Because the function is written generically, it can be called on any type of grid, with any sort of fill value. It could be numbers, chars, enums, structs, or anything.

Features

This crate has no dependencies outside of the std, but some convenient implementations are provided behind features that you can optionally enable.

Feature	Description
serde	Provides serde implementations for GridBuf.
cgmath	Provides Coord implementations for cgmath vectors.
glam	Provides Coord implementations for glam vectors.
mint	Provides Coord implementations for mint vectors.
vek	Provides Coord implementations for vek vectors.

Roadmap

There are currently some missing features, traits that should be implemented, and probably a few bugs to sniff out. I don't have an exact roadmap yet, but for now I'll put a few notes here about what needs to be done.

• It doesn't really have a name. I was thinking of calling it moz maybe? Unsure, open to suggestions on this.

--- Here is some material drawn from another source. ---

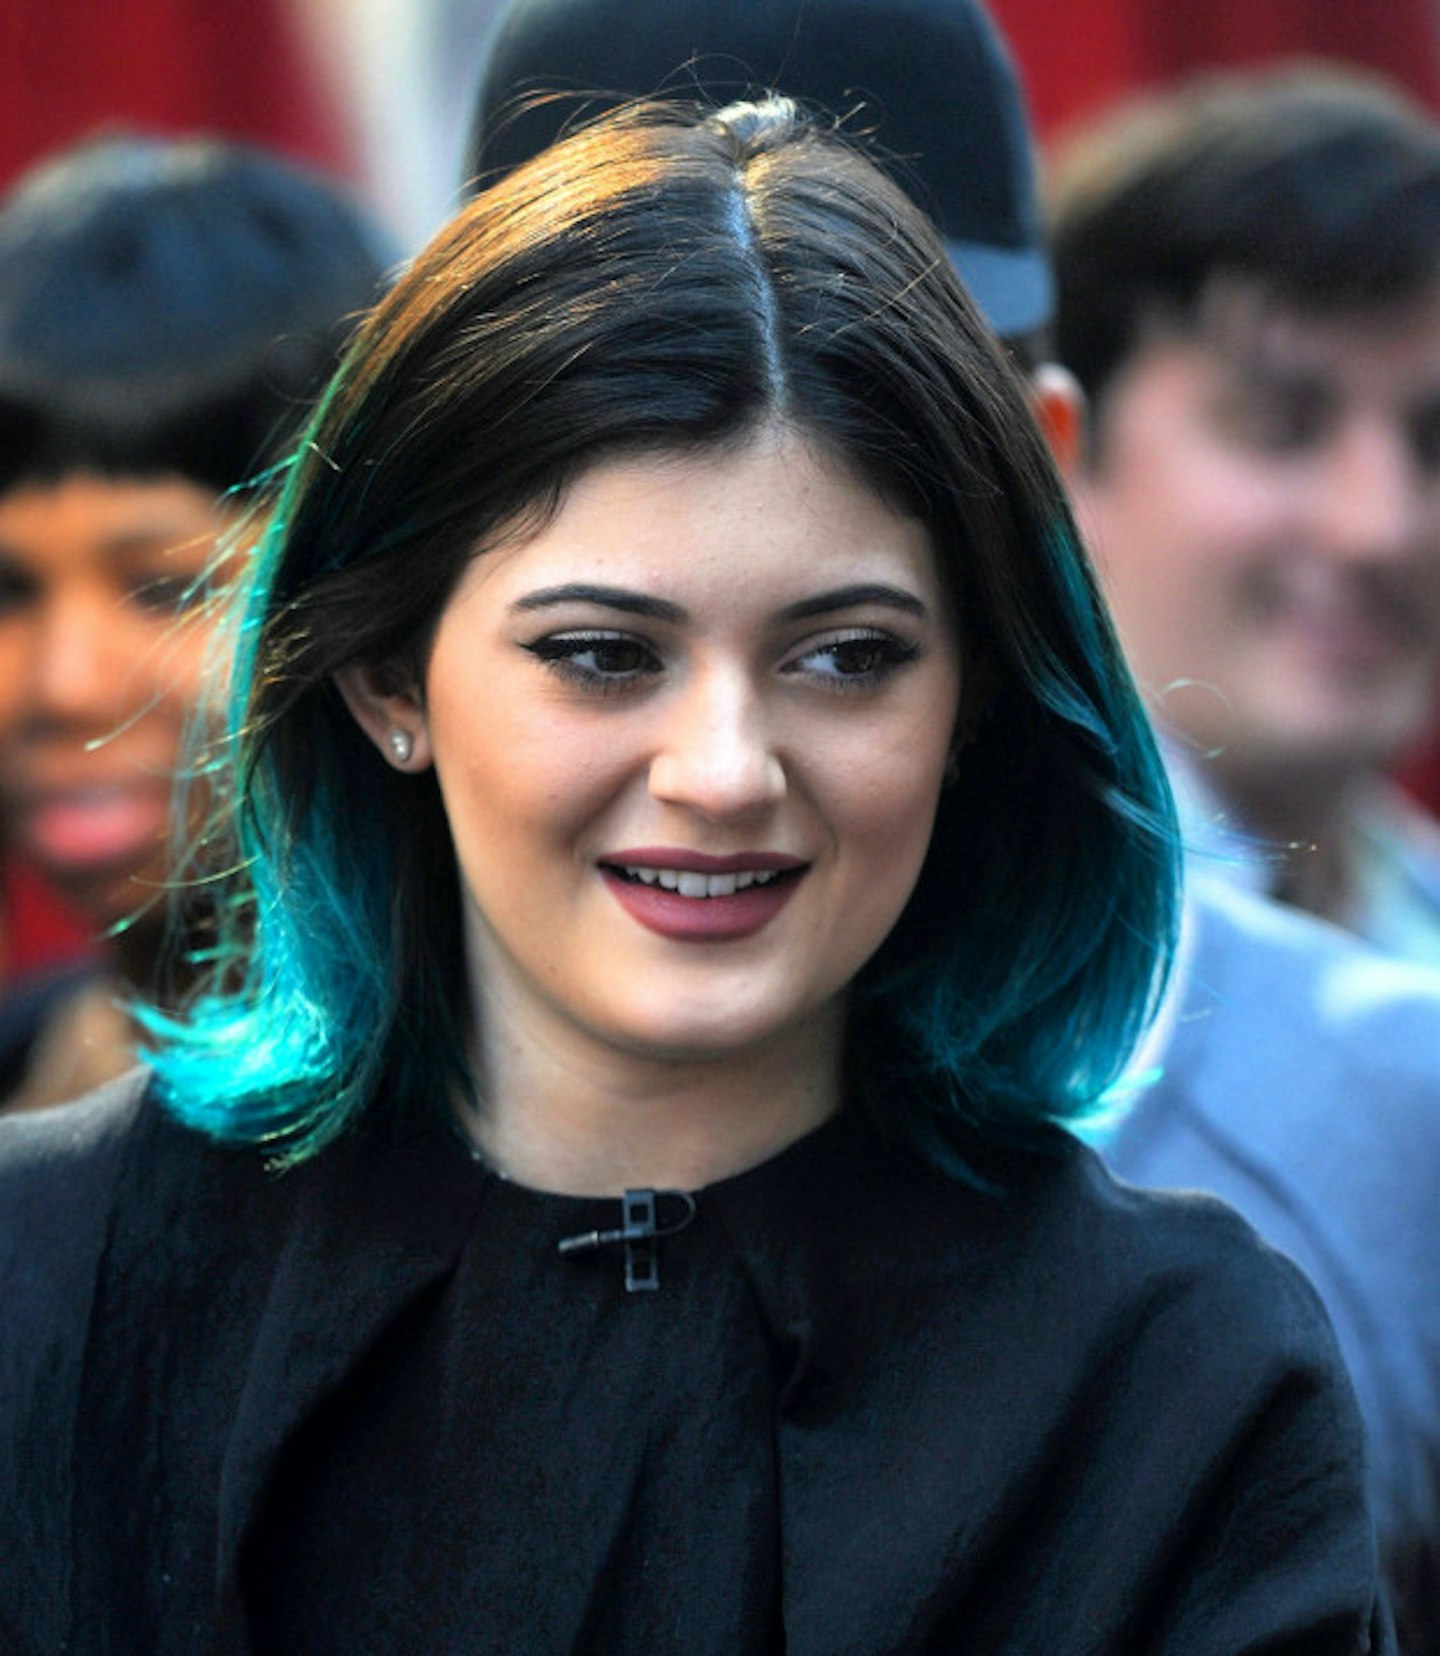 Kylie Jenner looks very different than she did a few years ago and some would say that plastic surgery, Botox, and implants have played a role in the transformation.

I don't know if I want to put this on crates.io, but if I was going to it would need a unique name.
• The crate's approach to iterators needs to be evaluated, as I feel like some iterators can be improved, some better naming conventions can be used, and there are probably certain useful iterators that are straight up missing.
• There are currently no tests, so one big task I need to do is write a full set of tests for all the constructors, methods, iterators, and trait implementations to make sure everything works correctly and to prevent future breaking changes.
• In addition to tests, I would like to fill out the documentation more, with more explanations of methods, # Example sections to show how to use them (and act as doc tests), and more clear documentation of which functions can panic and under which circumstances.
• Many essential std traits are likely not implemented yet that should be, and there are also probably traits that the library should be supplying that I have not discovered yet.
• Maybe GridBuf's backing store should maybe be driven by a custom trait, or wrapper type, to make it more flexible. Not sure yet.
• I may want more grid implementations, such as a HashMap-backed grid, a sparse grid, or other useful features like that.
• I haven't written no-std stuff before, but I feel like a no-std version of this library could be possible, so I'd need to do some looking into that.